1 慢性腎臓病(CKD)は高齢者の疾患
2002年に慢性腎臓病(CKD)の概念が提言されたことにより,高血圧,糖尿病の合併症としての二次性腎機能障害,加齢に伴う腎機能低下がCKDとして扱われるようになった。現在,CKD患者は,高齢者が圧倒的に多い。わが国では65歳以上の男性の約30%,女性の約40%がCKDという報告がある。
2 たんぱく制限は「低たんぱく質高エネルギー」
たんぱく制限は本来「低たんぱく質高エネルギー食」であり,減らしたたんぱく質分のエネルギーを補充することが前提である。エネルギー補充は調理法で対応できるが,他の合併疾患との兼ね合いの判断は難しいことが多い。
3 高齢者が直面するサルコペニア・フレイル
ほぼすべての高齢者はサルコペニア・フレイルに直面している。特に短期間でも入院すると,運動不足に加えて「入院食はまずいから食べない」ため,サルコペニア・フレイルのスタートを切ってしまう。予防と改善には,良質なたんぱく質を摂取してしっかり運動することが有用だとされている。
4 合併例ではどうする?
CKD患者の多くが高齢者なので,サルコペニア・フレイルを高率に合併しているか,その高リスク群であると考えてよい。
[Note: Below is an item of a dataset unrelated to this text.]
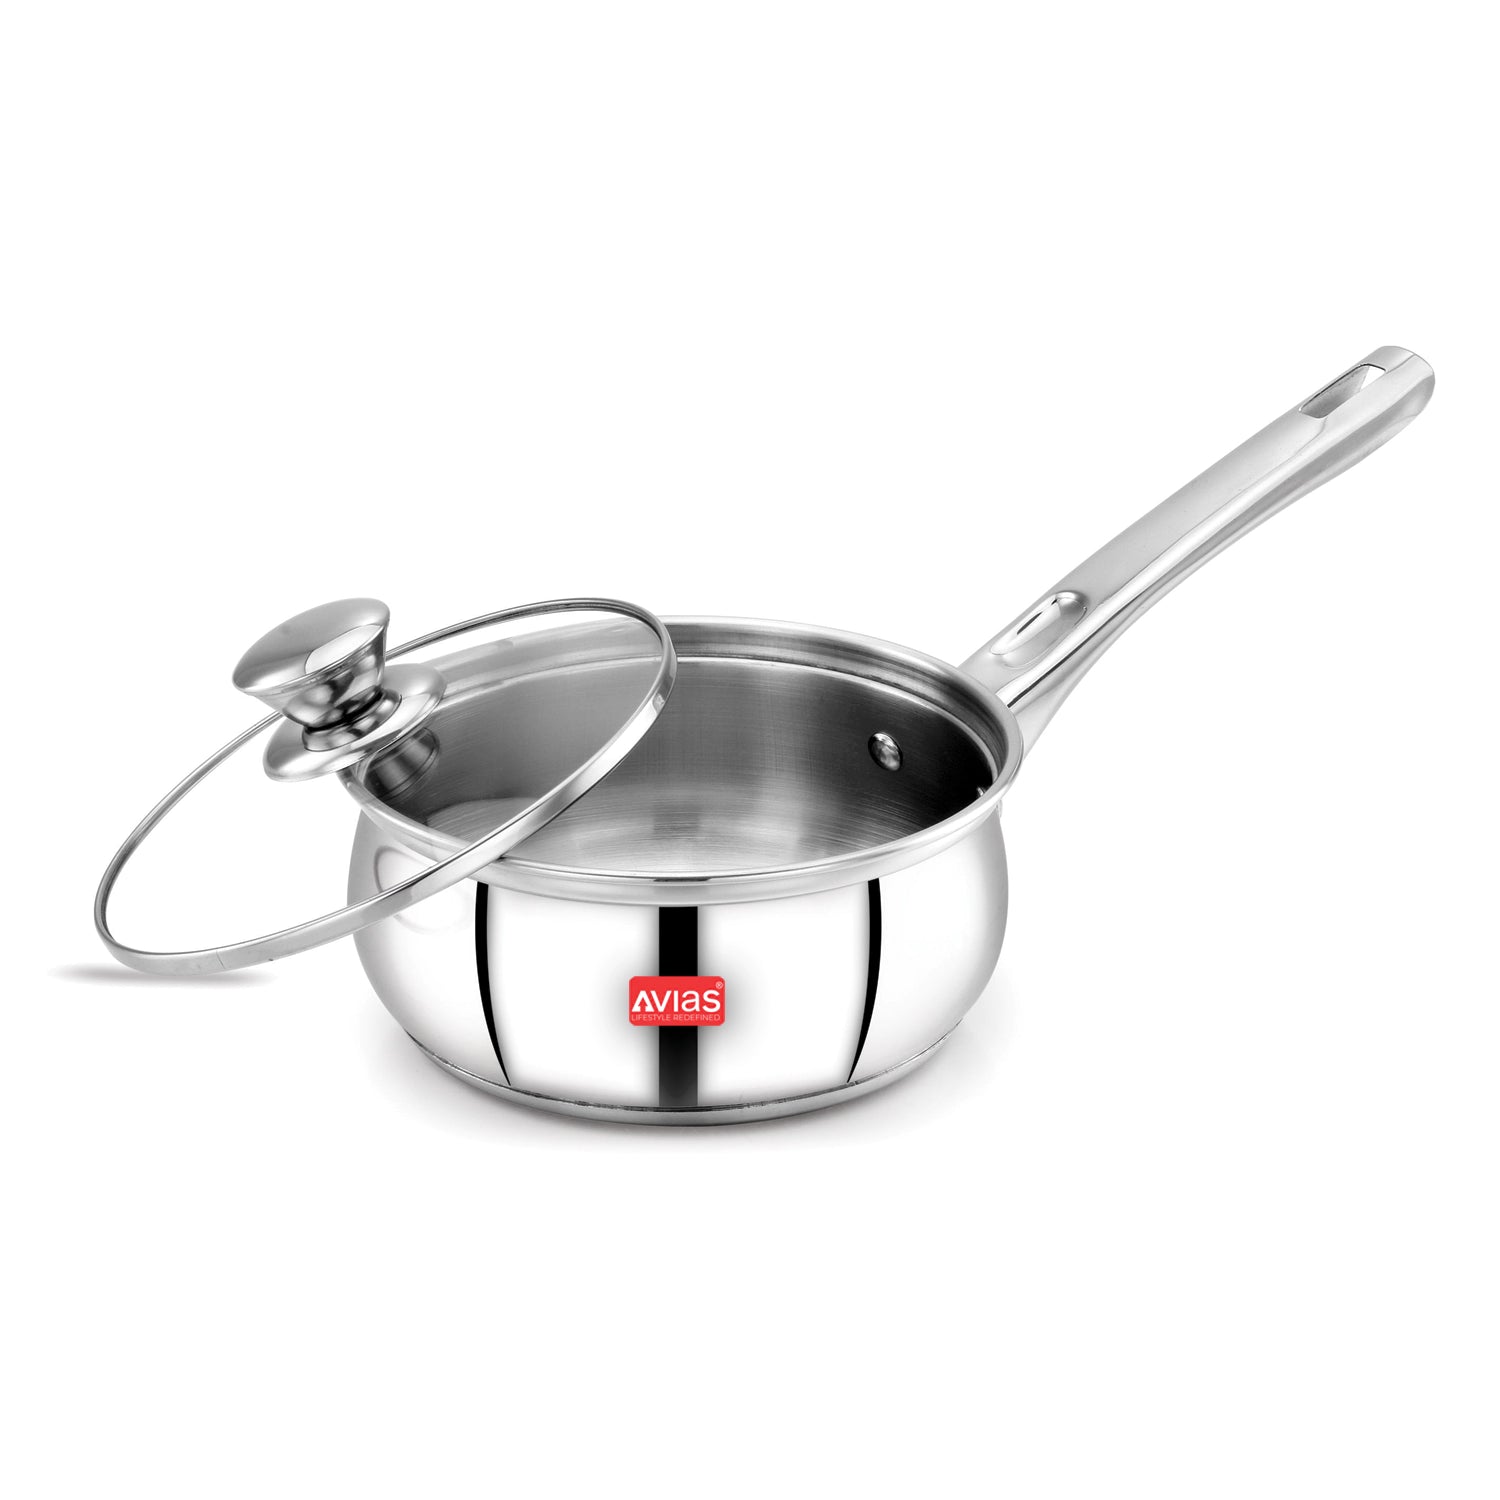 AVIAS Inox IB stainless Steel Saucepan with glass lid open

「サルコペニア・フレイルを合併した保存期CKDの食事療法の提言」では,CKDとサルコペニアのリスクを比較検討してたんぱく質摂取量を指示するとしているが,いずれの病態も進行の予測は非常に難しい。
5 進行しない腎臓病?
CKDの中には進行速度が遅いものもある。この見きわめのひとつとして,尿蛋白の有無が重要である。試験紙法で(-)または(±)である場合には進行が緩徐または進行しない可能性が高く,サルコペニア・フレイル対策を優先してよいと判断可能である。詳細なリスク判定はTangriらの回帰式などを用いるか,専門医に依頼してもよい。
6 管理栄養士がいなければ腎臓病療養指導士
医療に携わる管理栄養士の数は少なく,採算面からも小規模医療機関に常勤できる状態ではない。非常勤で雇用しても,患者の来院日と合わないなどの不都合がある。さらに,現場で自信を持って栄養指導をできる医療者は少ない。そうした中で,腎臓病療養指導士は,CKD管理に関する看護師,薬剤師,管理栄養士の領域を広く浅く学ぶことができる資格であり,医療者の少ない施設でも,CKDに対して「ひとりチーム医療」ができる。
7 結局やるのか,やらないのか
筆者は,たんぱく質摂取制限を行う症例は非常に限られると考えている。薬物と違って,家族にまで影響を及ぼす食事療法は「できる範囲で行う」「身体に悪いことはしない」のが限界で,数値にとらわれないことが重要である。食塩にしても「6g未満」にこだわらず,「15gを10gに減らすことにも大きな意義がある」と説明している。特に,栄養素を実際にどのくらい摂取したかを定量化することは難しいため,「今より増やすか,減らすか」を指示して,臨床的な指標の変化に応じてさらに指示していくのが,多くの患者に継続してもらえる方法だと考えている。